1. Normalisation of civil partnerships and blurring the lines with marriage: This arrangement is perfectly normal - it is not a fringe event in society. Indeed, Tom uses the presumptuous language of marriage even though 'gay marriage' has not yet been introduced by the State ('The two brides looked gorgeous in white'.)

2. The personal touch: Tom's lesbian friends had a civil partnership. It was a lovely day, but he's saddened on his friends' behalf because they aren't properly married. Everyone feel sorry for the two ladies who can't get married. Their love isn't properly recognised by the State because they're not married in the same ways as heterosexual folk. It was painful that they couldn't say they were married. Why is it that Tom says he was saddened, but does not say that they were saddened. Tom says, ' It's the language of contract law. It made me both sad and furious.' Anyone would have thought this civil partnership was about him. If they were saddened, he would surely say so, no? Still, saddened they may be, but do we make law on what different people think will make different people happy? Or, do we order it for the good of society? The State doesn't allow thieves to grab what they want from Curry's either, even though they want the plasma TV screens but perhaps cannot afford them. I want goose at Christmas but can't afford it. Poor me. Change the law to allow me too cook my goose though some would argue I'm doing that now. Oh, 'but gay marriage is different to theft'. No, no it isn't. Gay marriage is theft. Marriage belongs to man and woman. What the gay community cannot obtain naturally by virtue of the condition of homosexuality, they wish to acquire by robbery.

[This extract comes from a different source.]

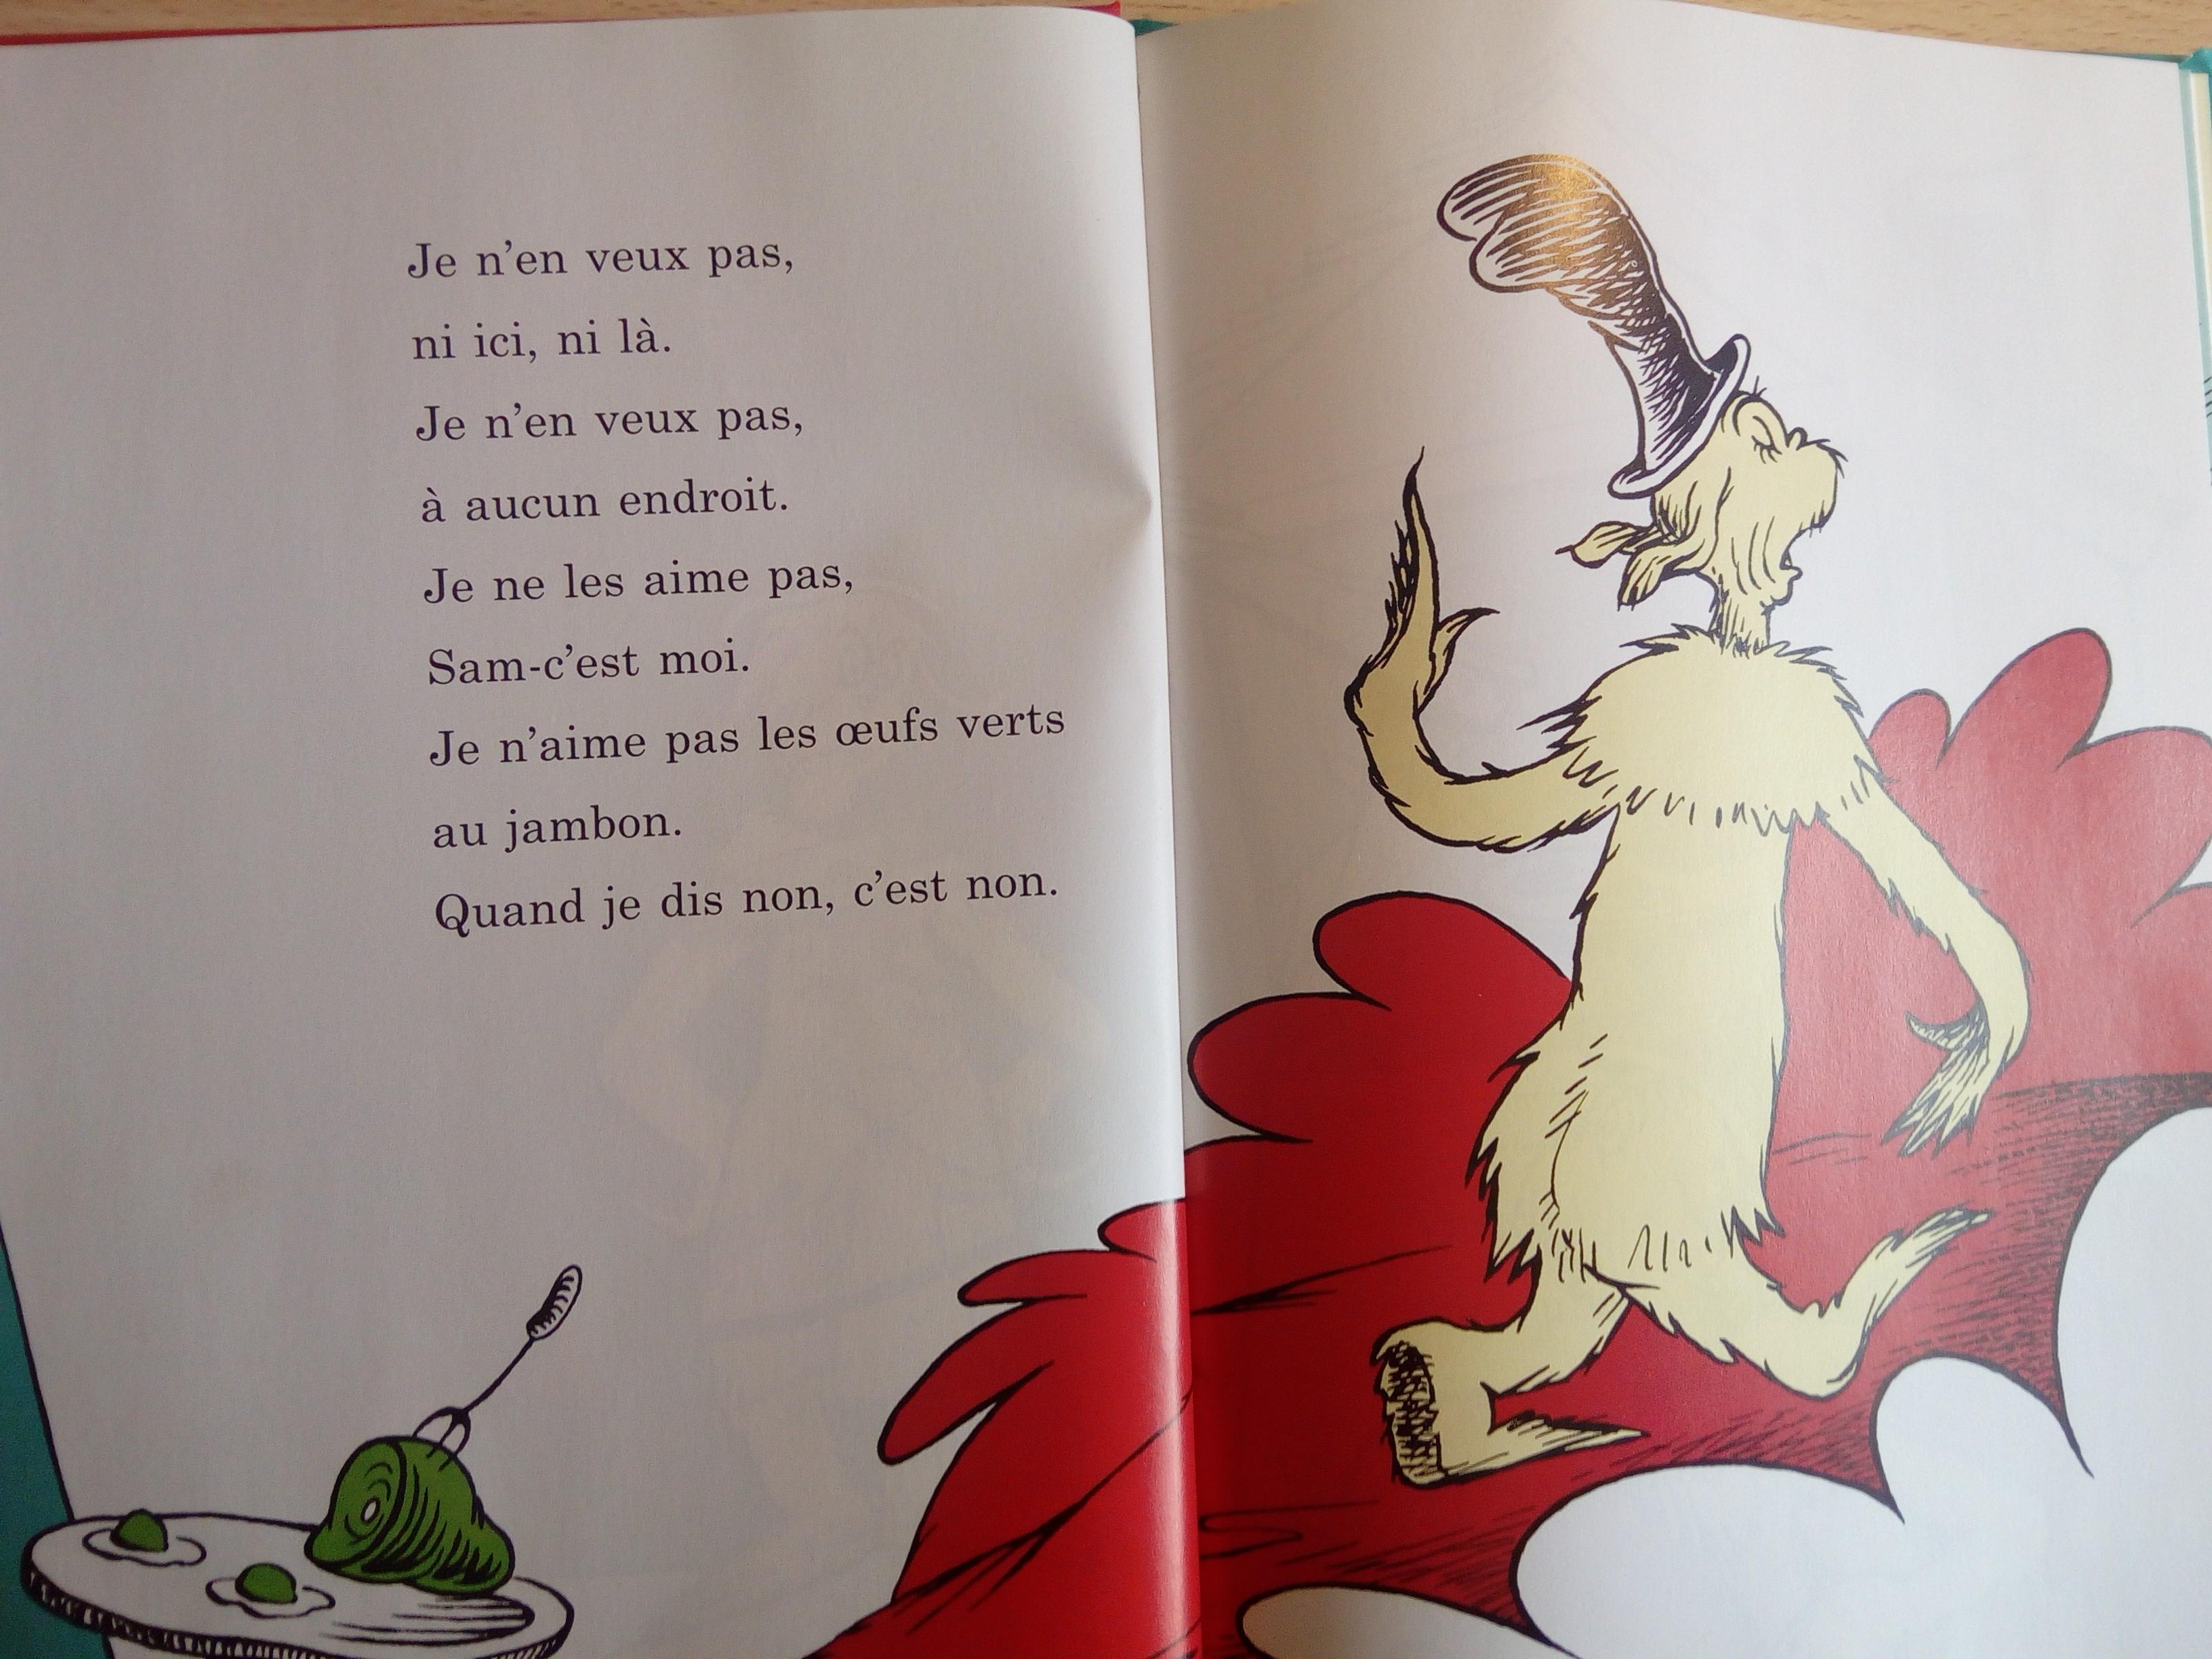 les oeufs verts au jambon   un album  u00e0 mettre dans toutes les biblioth u00e8ques d u0026 39 enfants

2. The appeal to fairness: Tom moans, 'These two wonderful women wanted to tell the world they loved each other; what they got instead was Blairite third-way nonsense designed to avoid offending religious conservatives.' The secular viewpoint of marriage, which is attractive even to Christians, is to see marriage as a 'celebration of our love'. Traditionally, few people have made marriage law according to the 'celebratory principle'. It has been made for the common good of society and the procreation of children. It is tempting and seductive to see marriage as 'a celebration of our love'. It isn't. It is the lifelong union of man and woman in matrimony in a relationship of fidelity, mutual love and respect, harmonious with nature, ordered for the begetting of children. Anyway, why is he calling Civil Partnerships 'Blairite'. If it wasn't for Tony Blair, we wouldn't be in this almighty mess and people would still believe 'civil partnerships' to be something that happens in the business world when one accountant or lawyer starts a new firm with a friend. He's still crying bitter politically angry tears at his friend's civil partnership while everyone else presumably had a 'lovely day'. Do his friends realise just how self-centred he is?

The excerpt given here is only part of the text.